### Supplied material
== Segment start ==
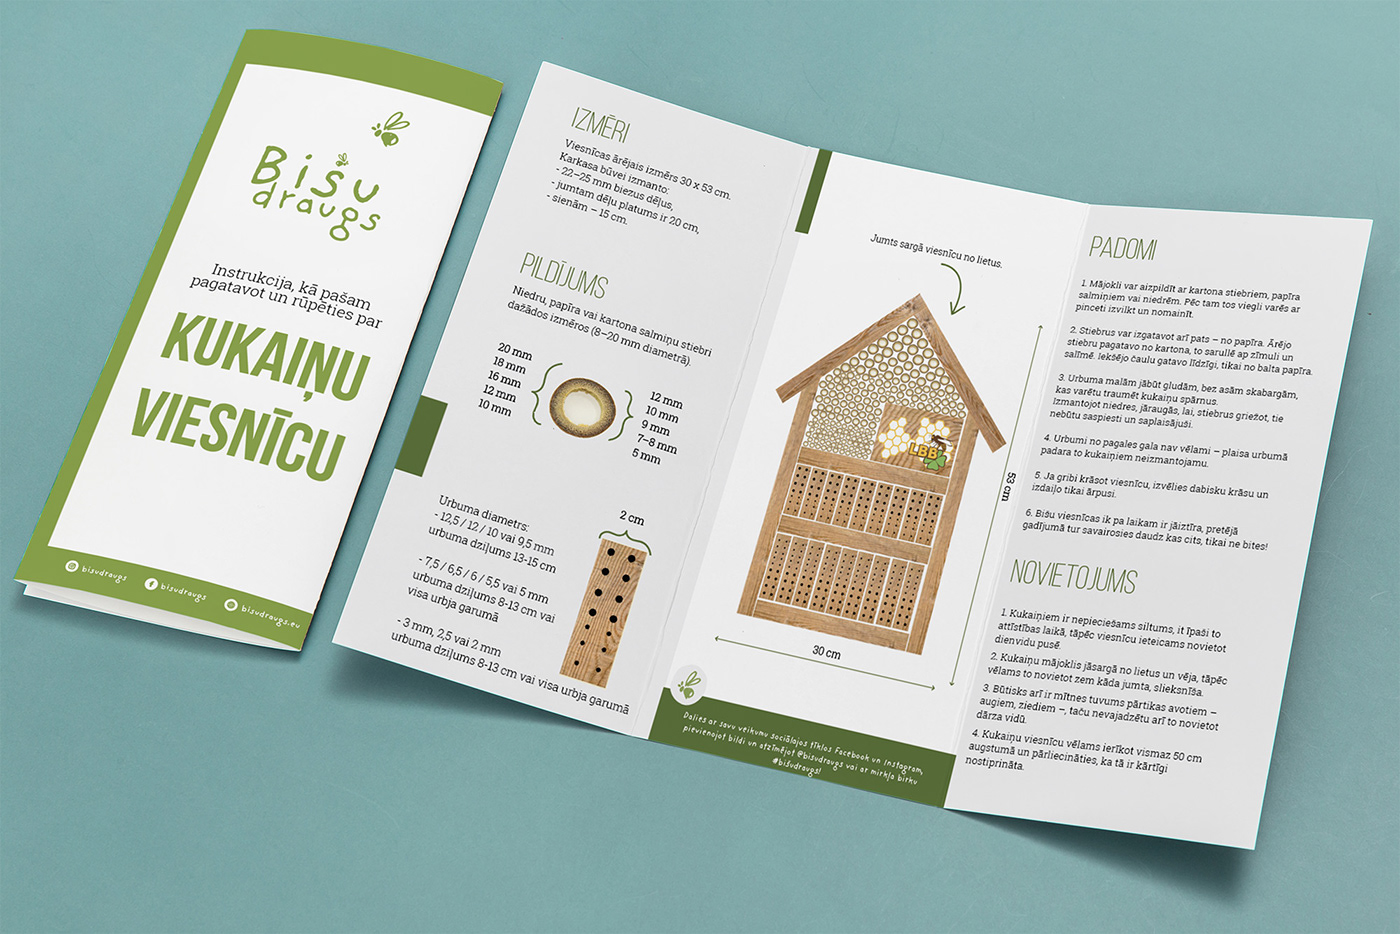 Booklet about bee hotel and instruction
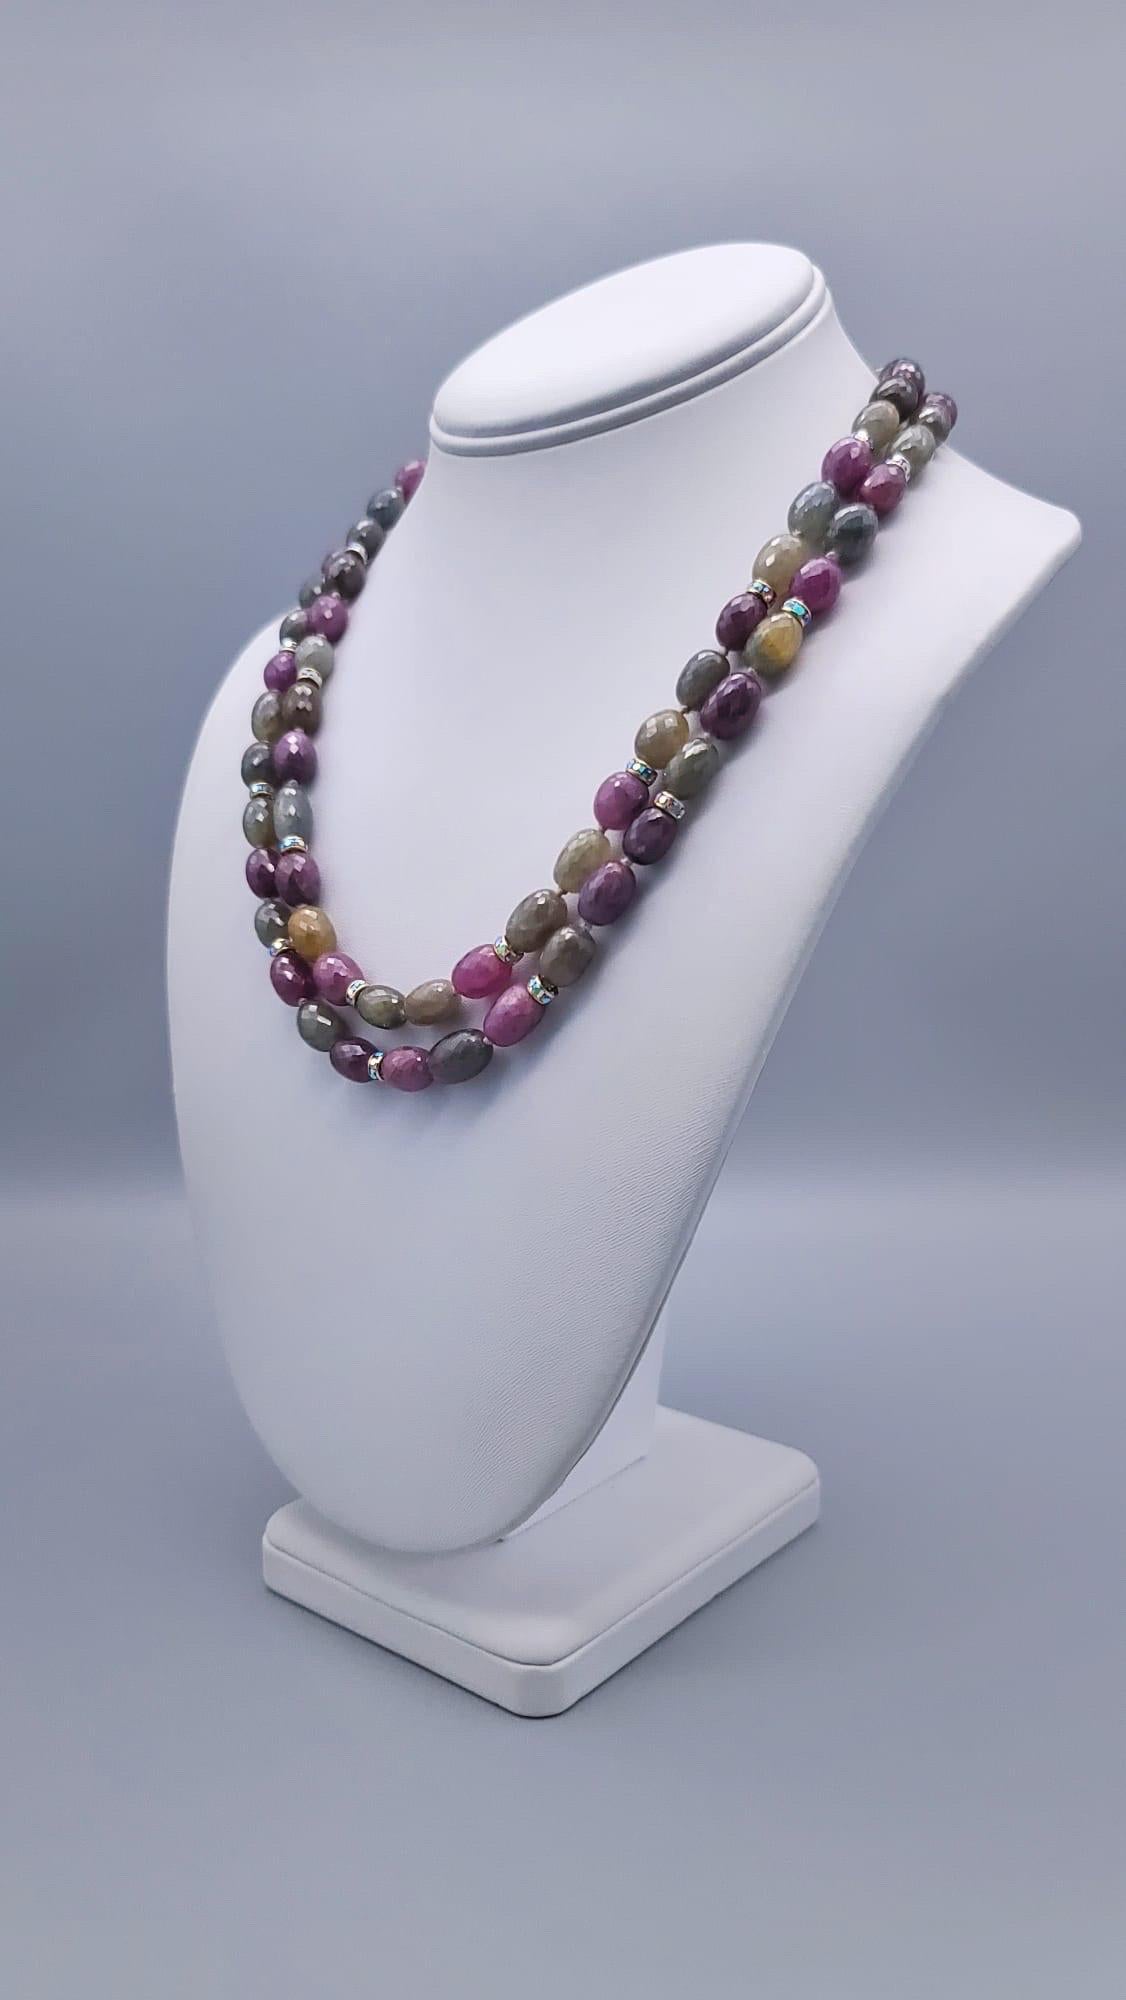 One-of-a-Kind

Just in case you always expect Sapphire to be blue here is a double strand of rich green and pink faceted sapphires nested together with CZ rondels for added brightness. The beads are hand-knotted with silk. The clasp is vermeil with
== Segment end ==
### Task
Give the data again exactly as written, with all pictures left out.

### Problem solution
 Booklet about bee hotel and instruction
 One-of-a-Kind

Just in case you always expect Sapphire to be blue here is a double strand of rich green and pink faceted sapphires nested together with CZ rondels for added brightness. The beads are hand-knotted with silk. The clasp is vermeil with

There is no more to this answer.